With respect to the view that the Commonwealth acted inconsistently with or contrary to the procedures established by law within the meaning of Article 9(1) of the ICCPR, the Department continues to rely on its previous submissions that Dr Ogawa's immigration detention was lawful, being in accordance with the relevant provisions of the Migration Act, and was not arbitrary. Dr Ogawa refused to cooperate with the departmental attempts to assist her to regularise her status.
As per standard practice of facilitating the removal of any detainee who has a history of non-compliance, she was held in immigration detention whilst arrangements were made for her travel to Japan. Her removal did not eventuate because she applied for …[another] visa (which was refused). Dr Ogawa's immigration detention was a proportionate measure, taken only following departmental attempts to resolve Dr Ogawa's situation using other methods. The measure was aimed at the legitimate goal of maintaining the integrity of the migration system and was proportionate to that goal.
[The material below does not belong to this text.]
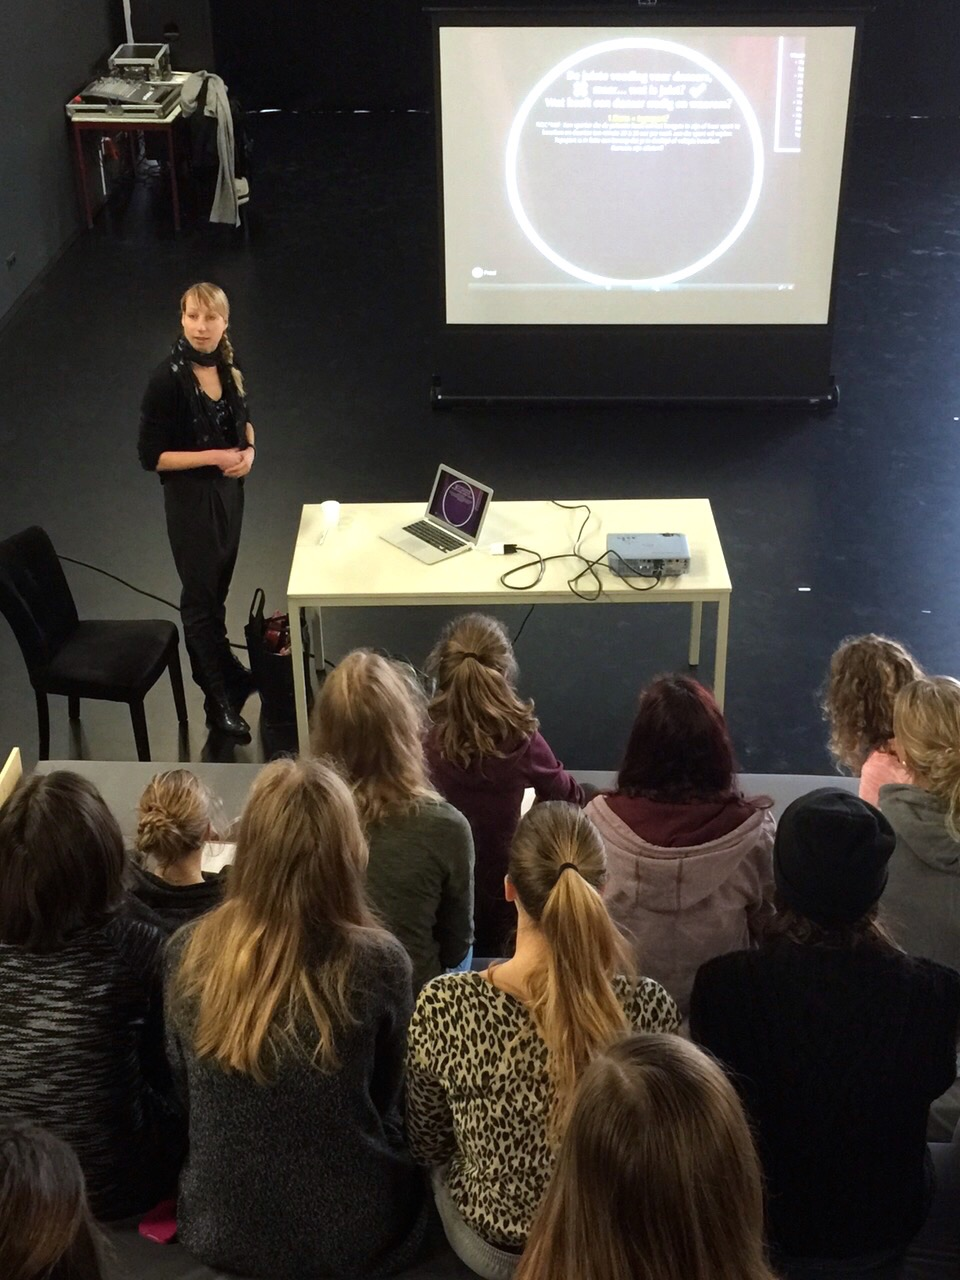 Lezing voeding voor dansers Karin lambrechtse Dans diëtist

Accordingly, given the Department maintains that Dr Ogawa's immigration detention was lawful and not arbitrary, there is no basis for the payment of compensation or provision of a formal apology and therefore, there will be no action taken with regard to these recommendations.
Please find enclosed a copy of my report.
Yours sincerely,
Gillian Triggs
President
Australian Human Rights Commission
17 The chronology, then, is apparent enough: before finalising and publishing the AHRC Report, Professor Triggs provided the Department of Immigration and Citizenship with details of her conclusions, to which Mr Bowles then responded. The departmental response was equally plain: it (or those through whom it acted) did not share Professor Triggs's view that Dr Ogawa's detention at the VIDC was relevantly arbitrary and did not accept either of the recommendations that she made in light of that view.
18 It is obvious enough that those departmental conclusions have not since altered: Dr Ogawa has not received any apology in respect of her detention at the VIDC and no compensation has been paid to her. It was presumably in light of those realities (or at least the latter of them) that Dr Ogawa made the AOG Application.